Outputs and downstream usage

  • Staypoint table (time_segments_silver): each record contains start/end timestamps, last observed event, list of contributing cells, state, and a hashed time_segment_id. This dataset powers Midterm/Longterm Permanence calculations, usual environment labelling, and tourism metrics.
  • Population snapshots: the present_population_silver table is refreshed for each analysed timestamp and feeds daily dashboards as well as the iterative permanence scores.

Telcofy extends these outputs with add-on analytics (e.g., persistence scoring, anomaly flagging) while preserving the upstream logic to remain interoperable with Eurostat deliverables.
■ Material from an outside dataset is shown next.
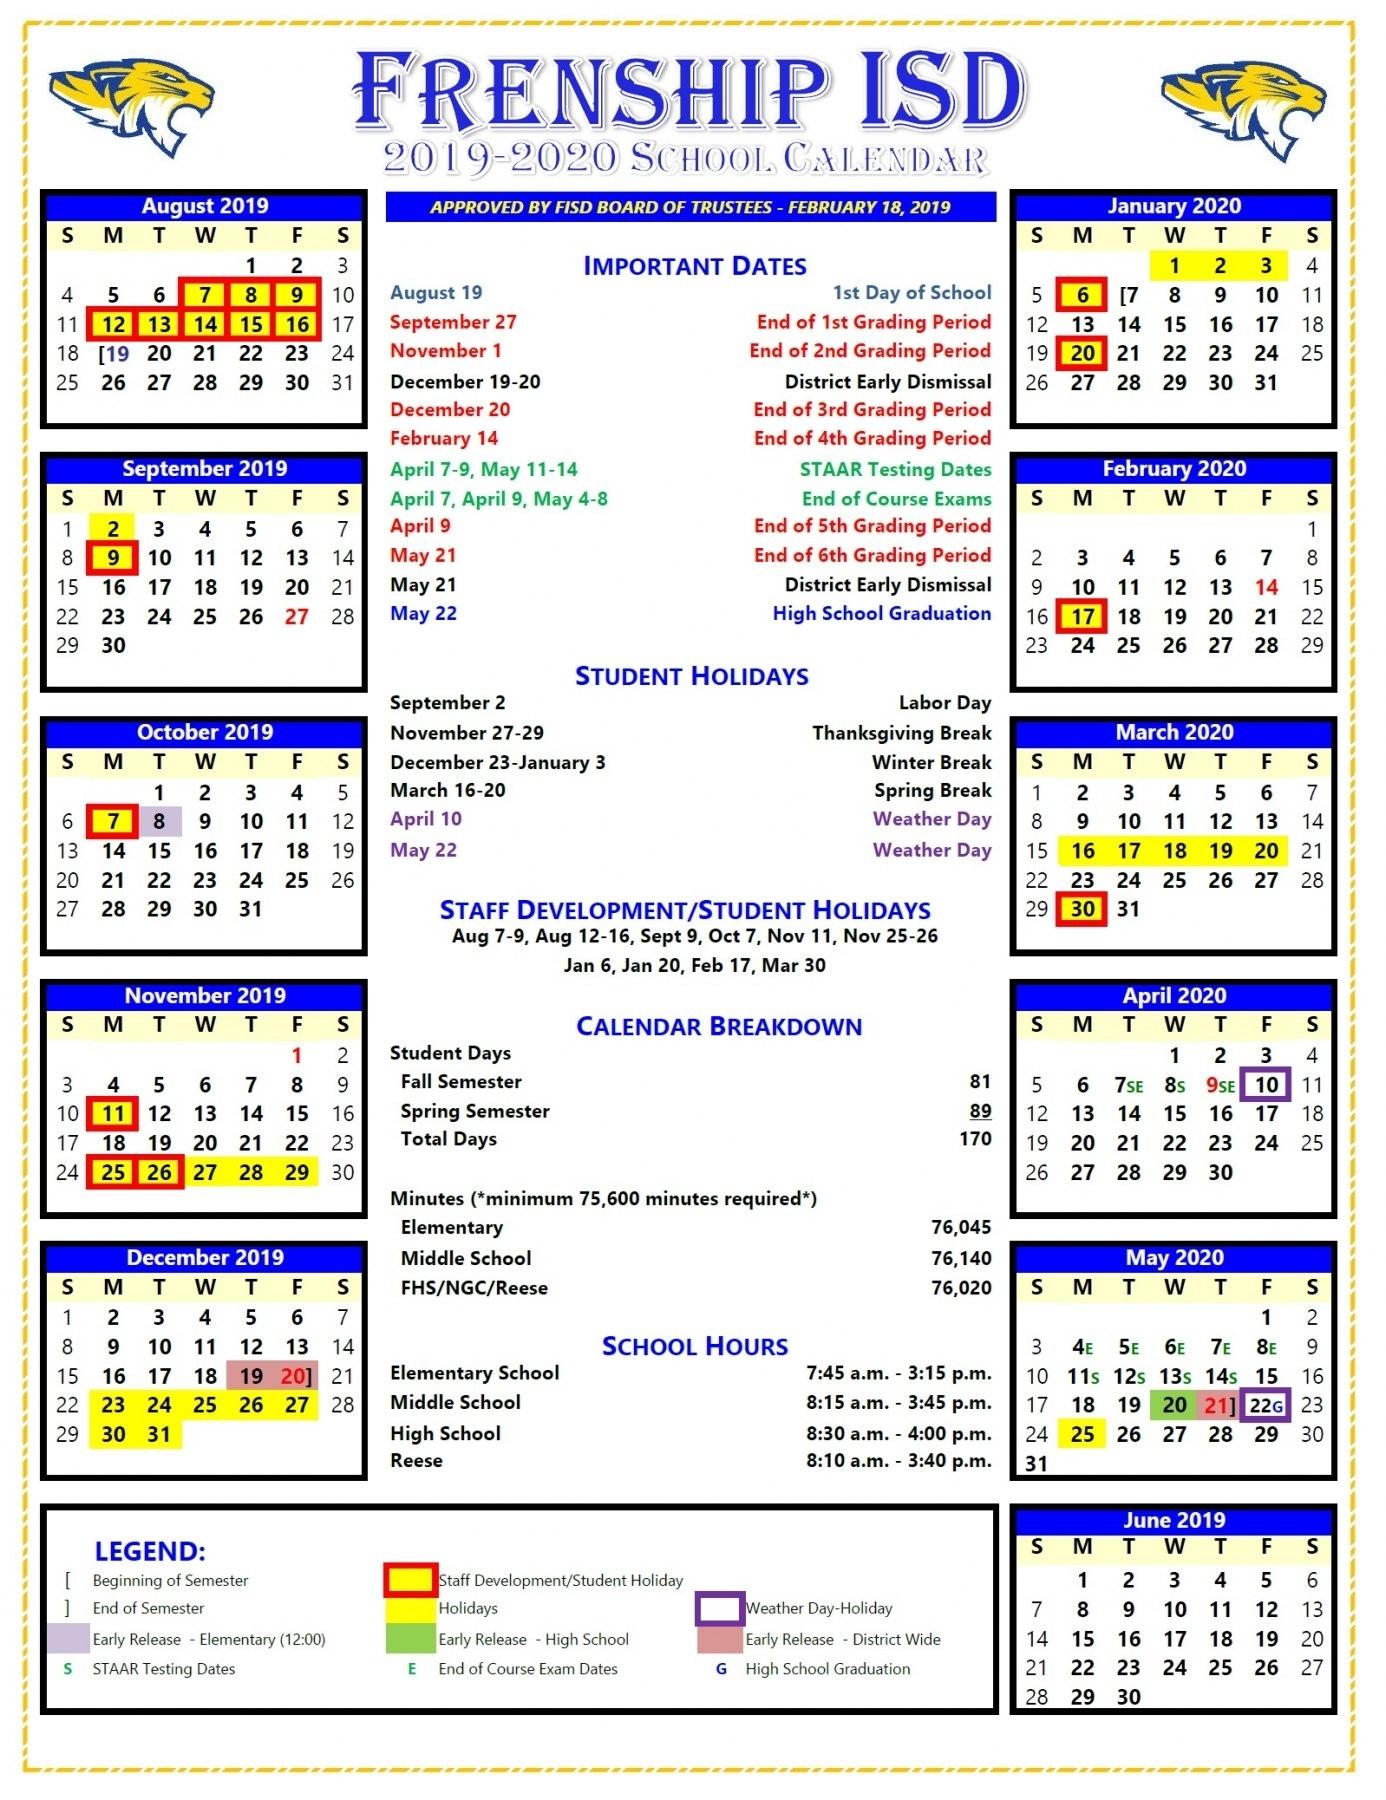 Special Calendar Days 2020 - Calendar Inspiration Design

Telcofy alignment checklist

  • Reuse the Continuous Time Segmentation configuration structure so auditors can compare parameters directly with the MultiMNO defaults.
  • Preserve the four-state taxonomy and is_last markers, even when enriching segments with Telcofy-specific metadata.
  • Document any changes to tolerance windows or dwell thresholds and justify them against ESS quality guidance.
  • Propagate population caches and time segments into Telcofy’s compliance artifacts so EU stakeholders can trace staypoint derivations end-to-end.